- **PROBLEM TO WORK ON**: Once the images are set aside, print the remaining lines below exactly.

- **RAW DATA**:

******

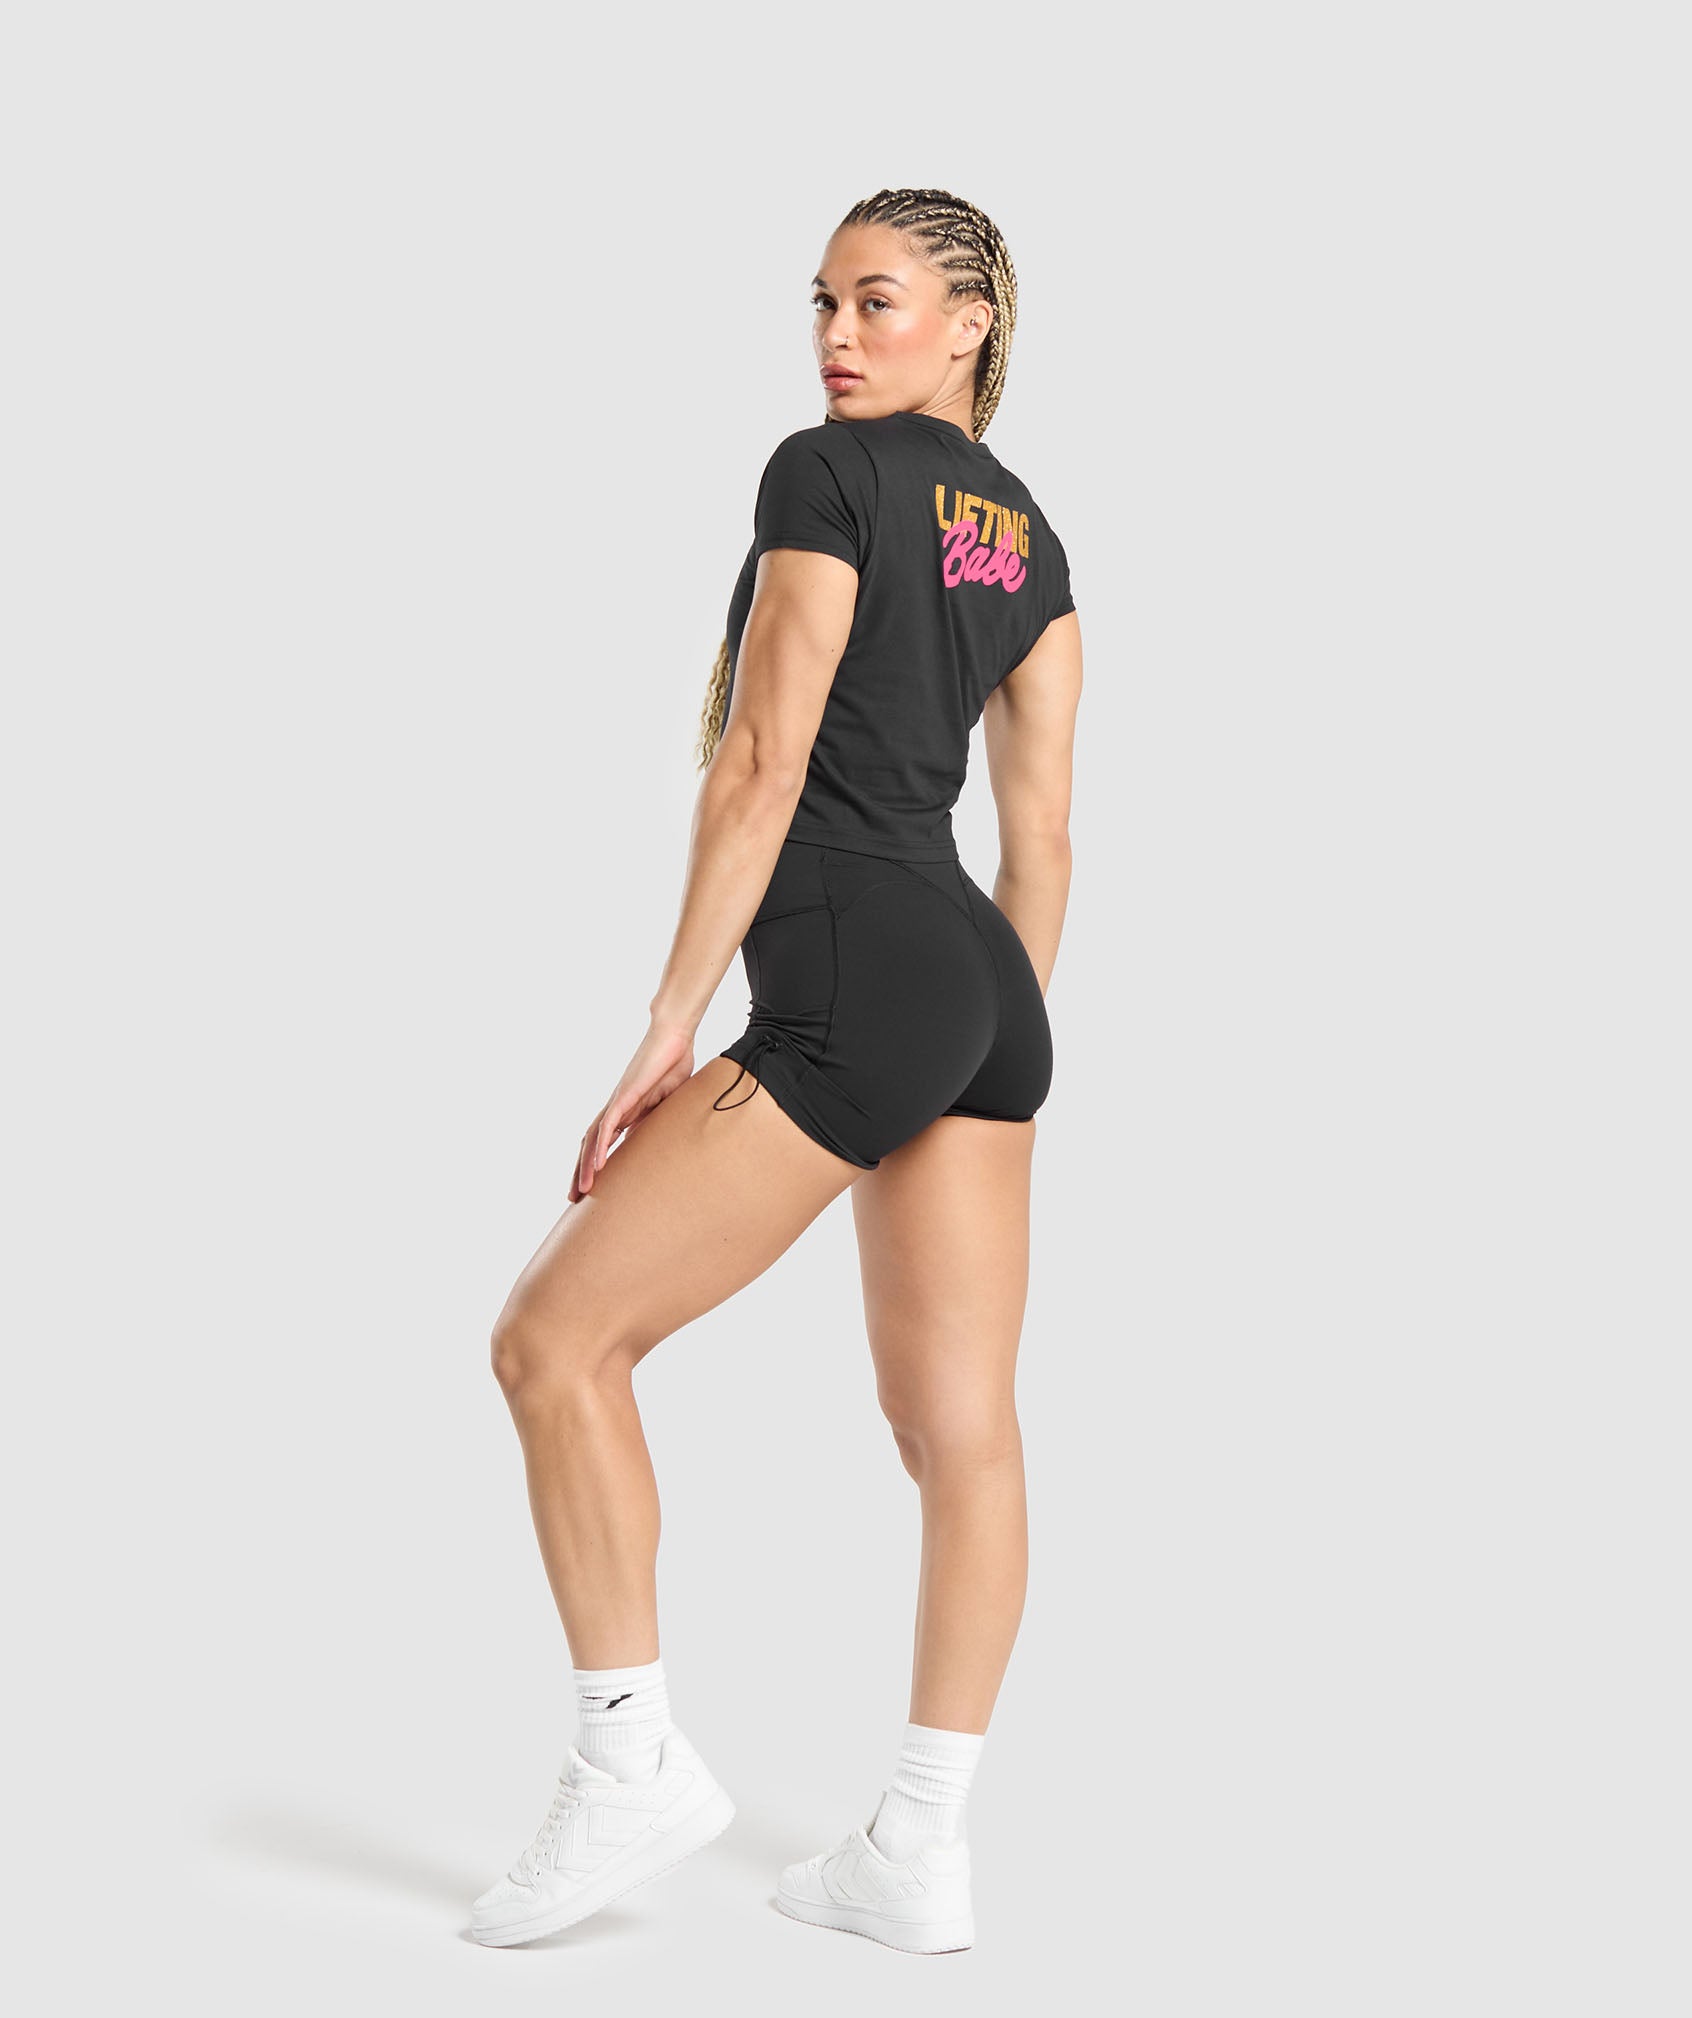 Lifting Babe Tee in Black - view 4
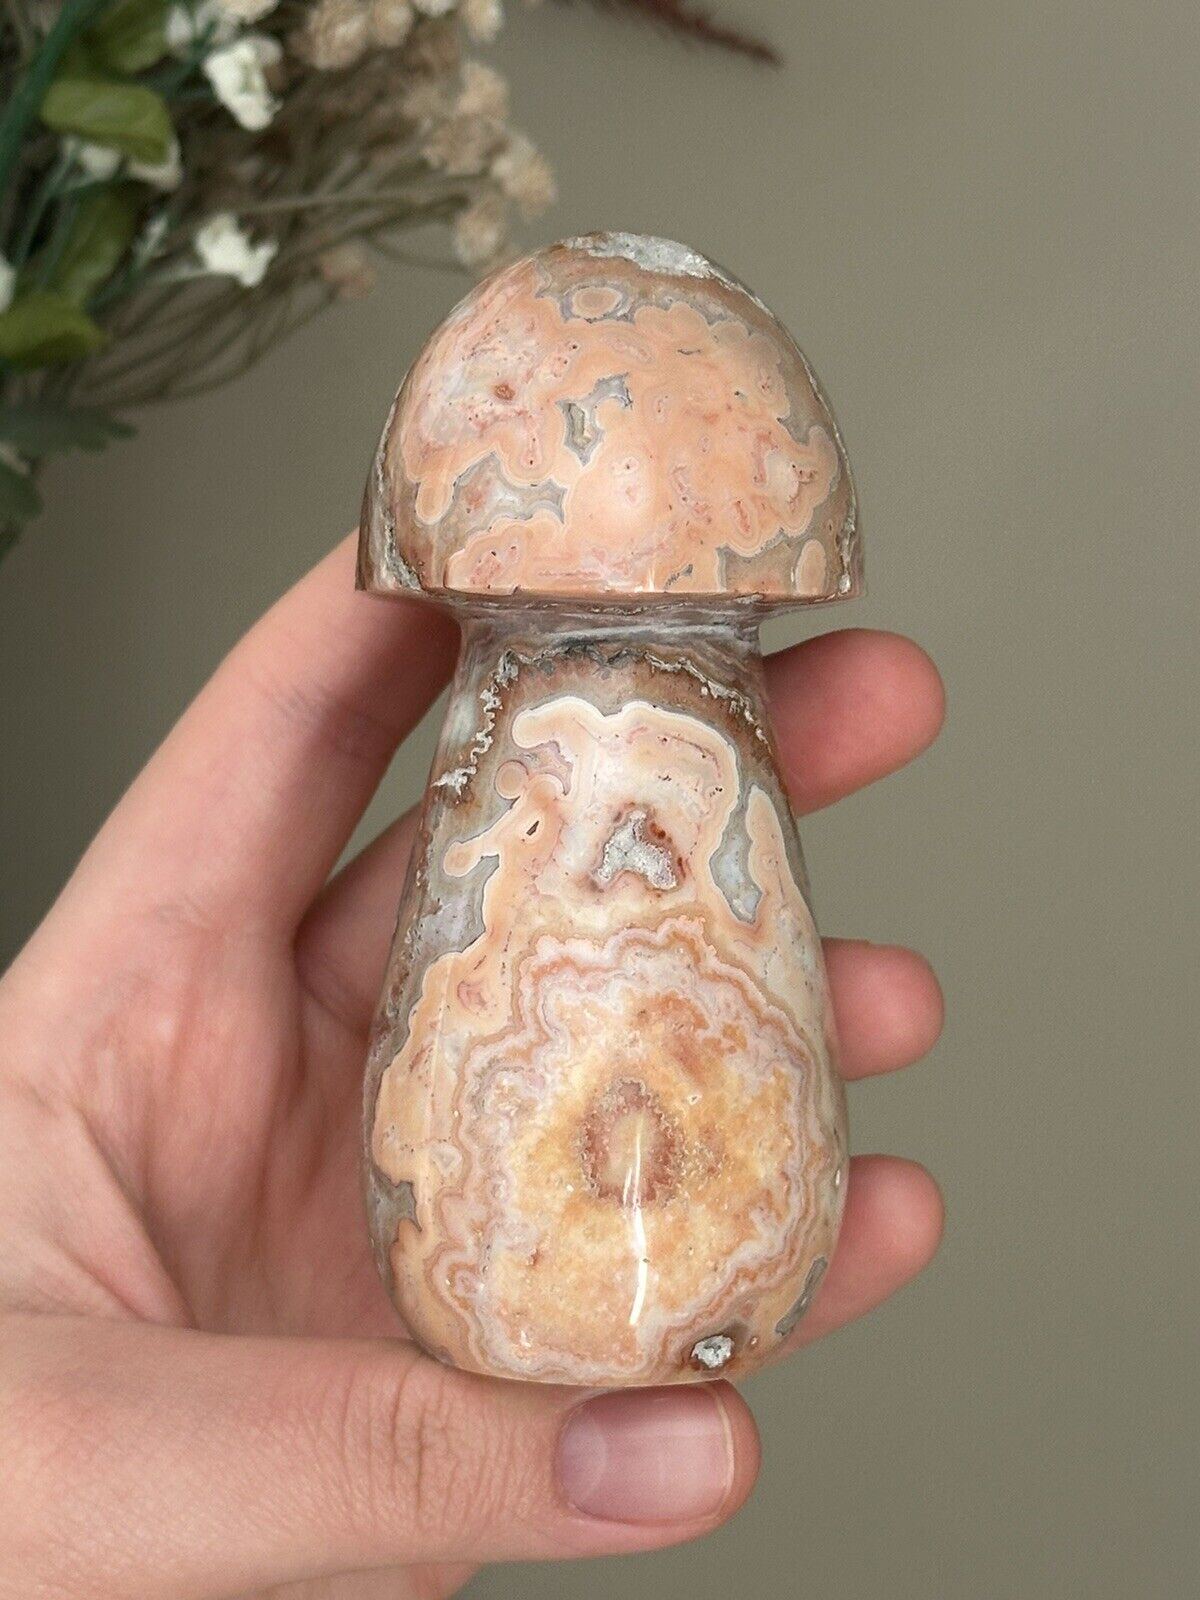 XL peachy indonesian crazy lace agate mushroom carving 🍑 polished crystal
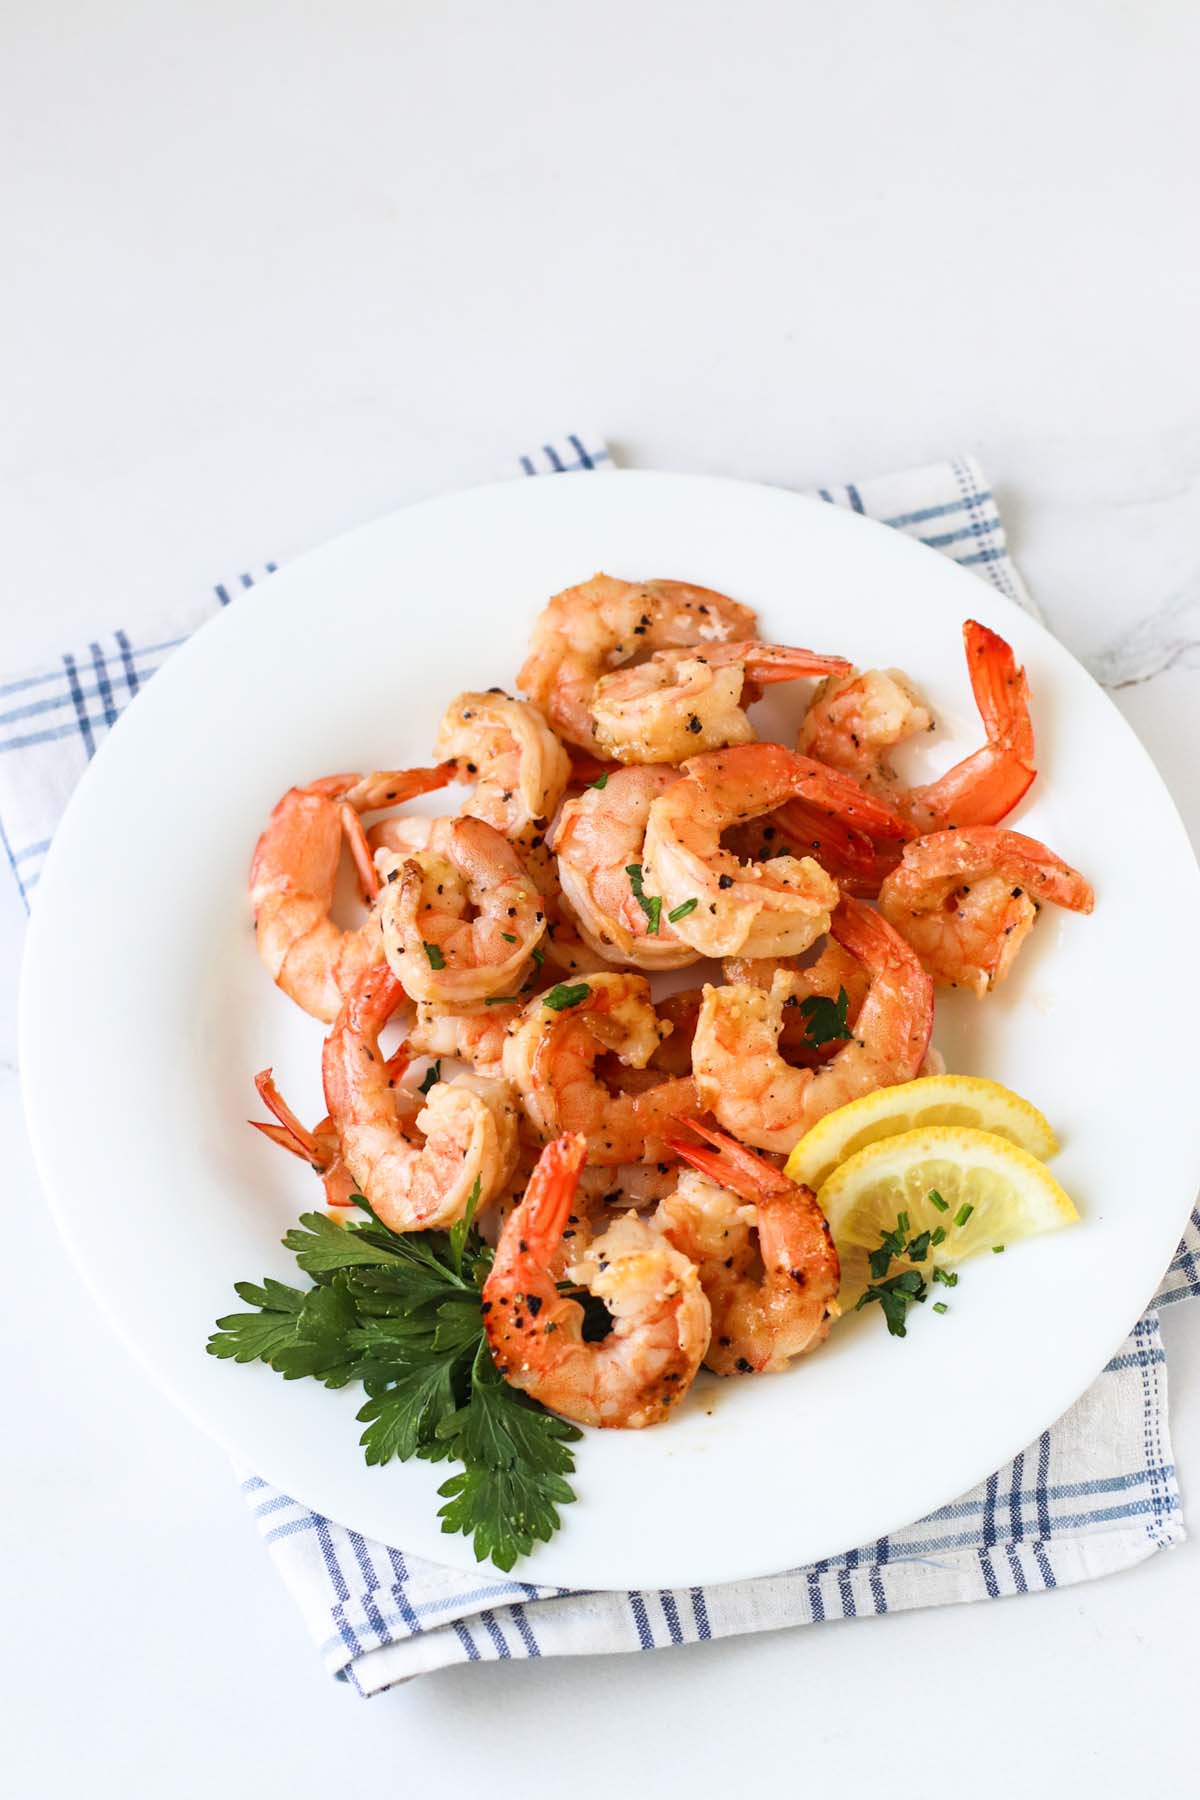 Cooked shrimp on a white plate garnished with parsley and lemon wedges.

******

- **ANSWER SPACE**:
 Lifting Babe Tee in Black - view 4
 XL peachy indonesian crazy lace agate mushroom carving 🍑 polished crystal
 Cooked shrimp on a white plate garnished with parsley and lemon wedges.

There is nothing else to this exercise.